Bu kaçınma, araştırma kadrosunun toplumsal medya kullanımı ile JOMO ortasında keşfettiği ve şaşırtan bulduğu bağlantıyı açıklayabilir. Bilim insanları, bir ortaya gelmekten kaçınmak isteyen şahısların arkadaşlarının ya da aile üyelerinin ne yaptığını denetim etmekle de ilgilenmeyeceklerini düşünmüş. Lakin toplumsal anksiyetesi olanların, daha rahat buldukları için toplumsal medyayı şahsen etkileşime geçmeye tercih edebildiklerini görmüşler.
İlk örneklem kümesi üzerinde yürütülen çalışmada, JOMO’su yüksek olan şahıslar ile toplumsal medya kullanımı ve ayrıyeten hayattan duyulan memnuniyet ortasında irtibatlar olduğu keşfedilmiş. Lakin bu noktada en güçlü ilgiyi toplumsal anksiyetenin sergilediği görülmüş.
Bu karışık sonuçları gören araştırmacılar, sonrasında JOMO’su yüksek olan ama anksiyetesi olmayan bir insan kümesi olup olmadığını bulmak üzere ikinci bir çalışma daha tasarlamışlar. Bu içe dönük ve huzurlu insanları tespit etseler de, kelam konusu küme ufak boyutlu olmasının yanısıra çalışmadaki iştirakçilerin sırf yüzde 10 kadarını temsil ediyormuş. Bu kümedeki beşerler toplumsal açıdan dertli değil lakin yeniden de orta derecede yalnızlık hissettiklerini belirttiler.
Önceki çalışmalarda FOMO (bir şeyleri kaçırma korkusu), düşük benlik hürmeti ve yalnızlık ile ilişkilendirilmiş. Lakin yeni bulgular JOMO deneyiminin o kadar net olmadığını gösteriyor. Araştırma kadrosu, JOMO’nun sabit bir his halinden fazla ilişkiyi kesme muhtaçlığını temsil eden süreksiz bir evre olabileceğini düşünüyor.
Başka çalışmalarda anksiyete tetikleyicilerine devamlı maruz kalmanın, daha sonrasında gerilimin hafiflemesine yardımcı olabileceği de gösterdi.

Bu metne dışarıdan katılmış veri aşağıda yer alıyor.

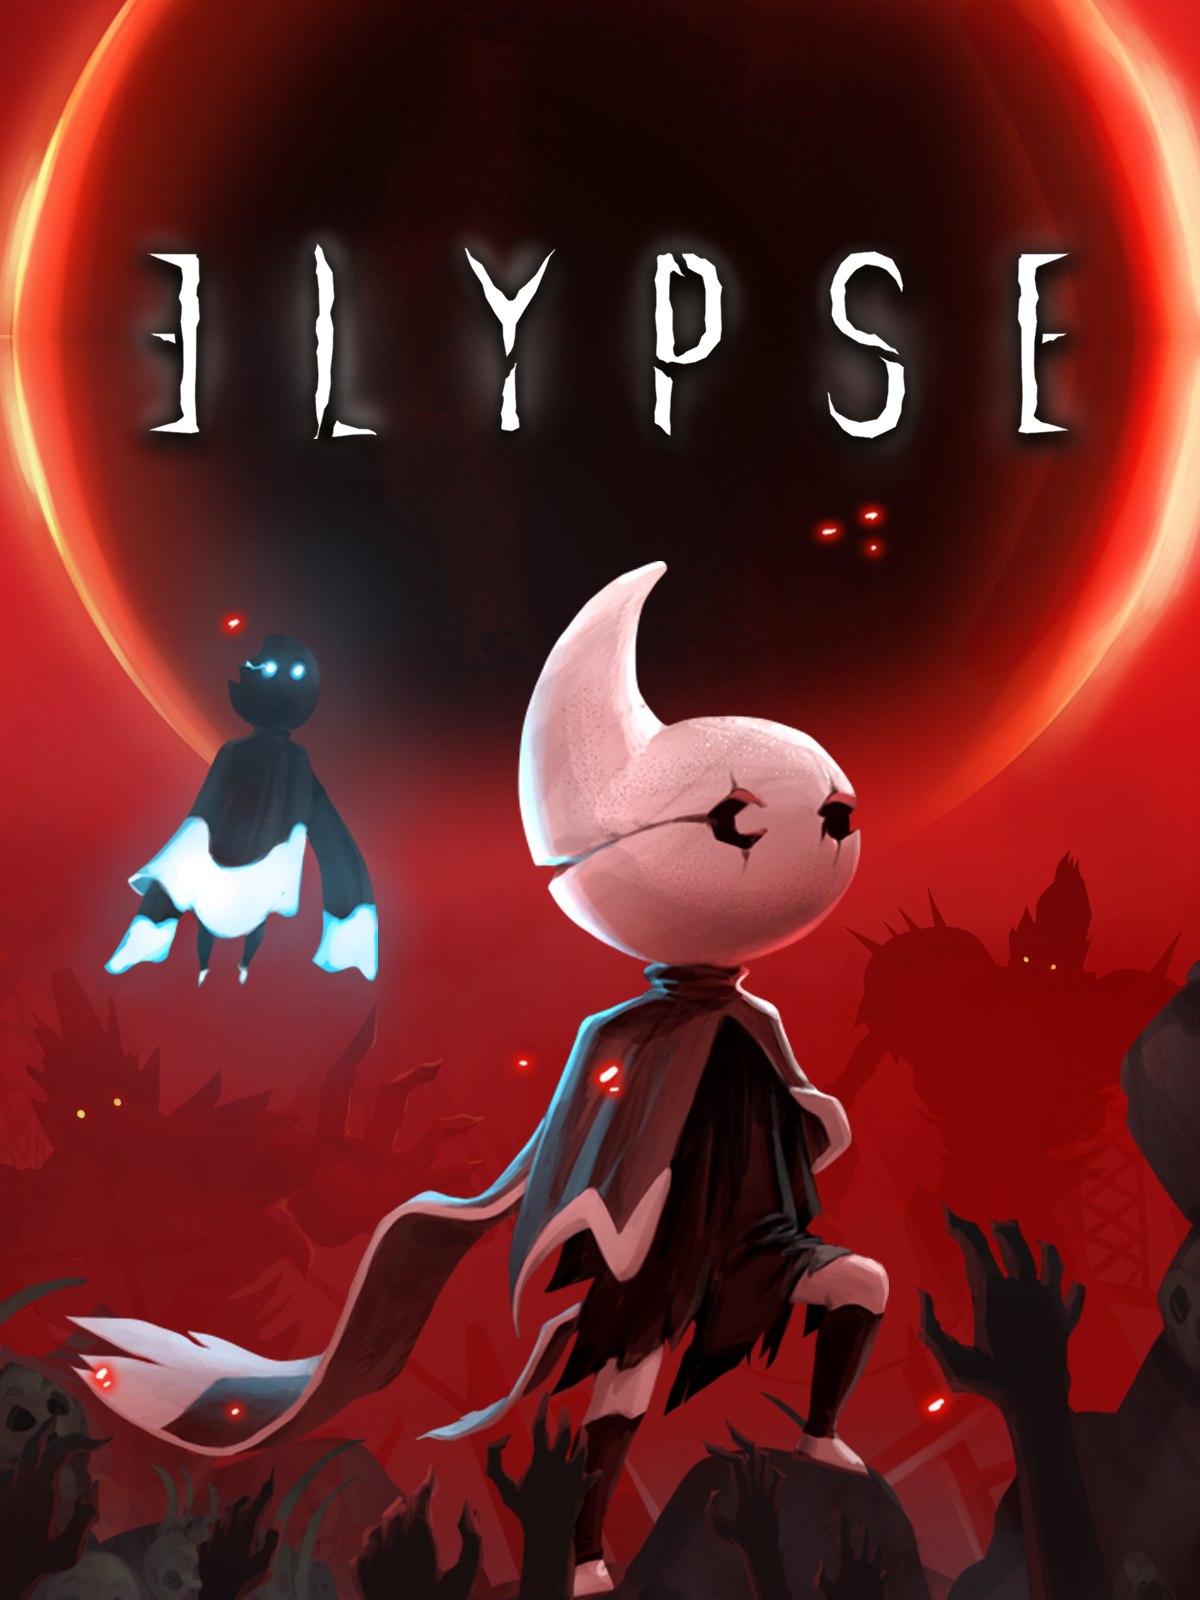 Elypse [PC, Цифровая версия] (Цифровая версия) цена и фото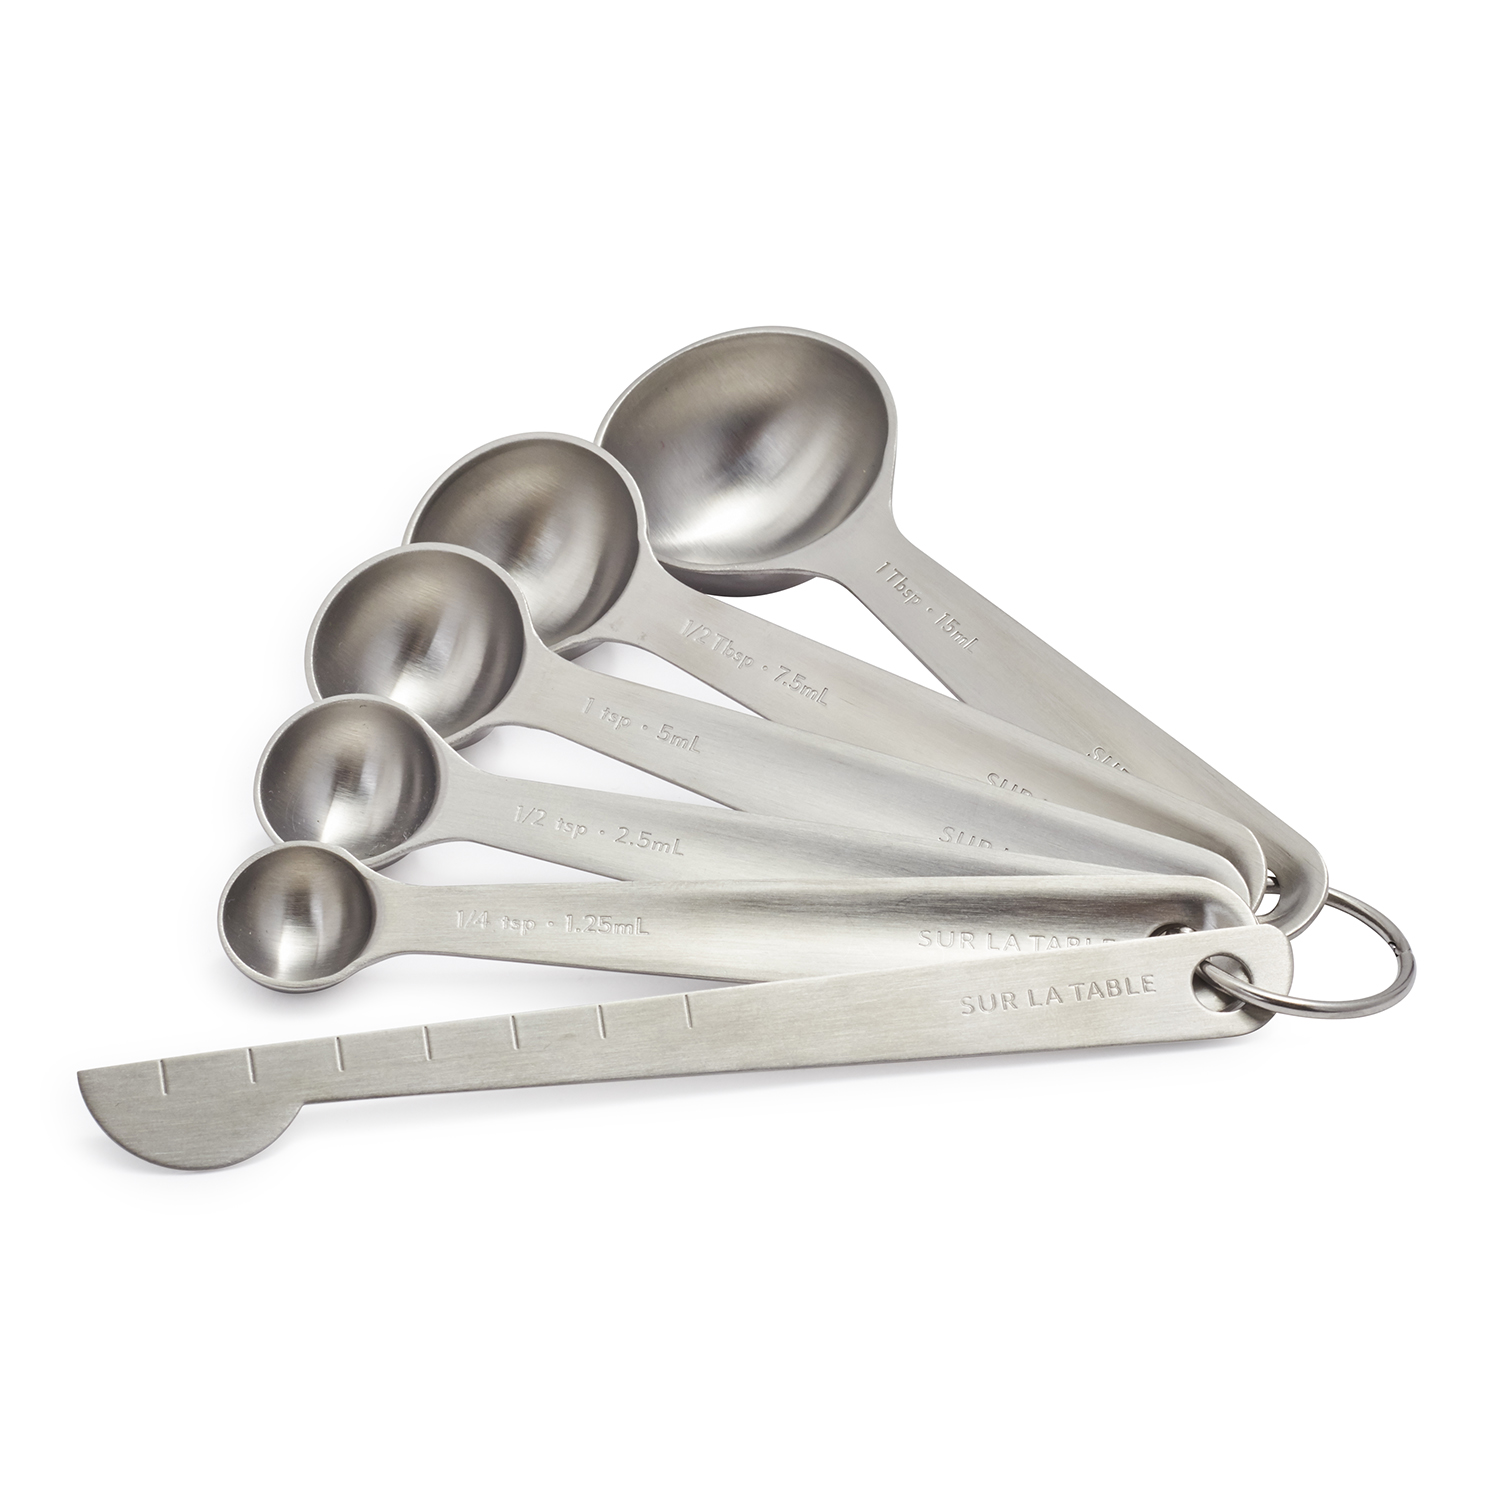 Measuring Spoon Set Of 9 Stainless Steel Cooking Baking Teaspoon Tablespoon

“‘İletişimi kesme ve toplumsal etkileşim ortasında nasıl bir istikrar kurulmalı?’ üzere karşılığını bulamamış çok sayıda soru var” diyor Barry. “Ancak bana nazaran bunun karşılığı herkes için farklıdır. Kıymetli olan sebeplerdir. Beşerler neden toplumsal faaliyetlere katılmıyor? Şayet bunun sebebi dinlenip güç toplamaya gereksinim duymalarıysa, bu uygun bir şey olabilir. Şayet bir şeyden kaçınmaya çalışıyorlarsa, bu durum muhtemelen uzun vadede sağlıklı olmayacaktır.”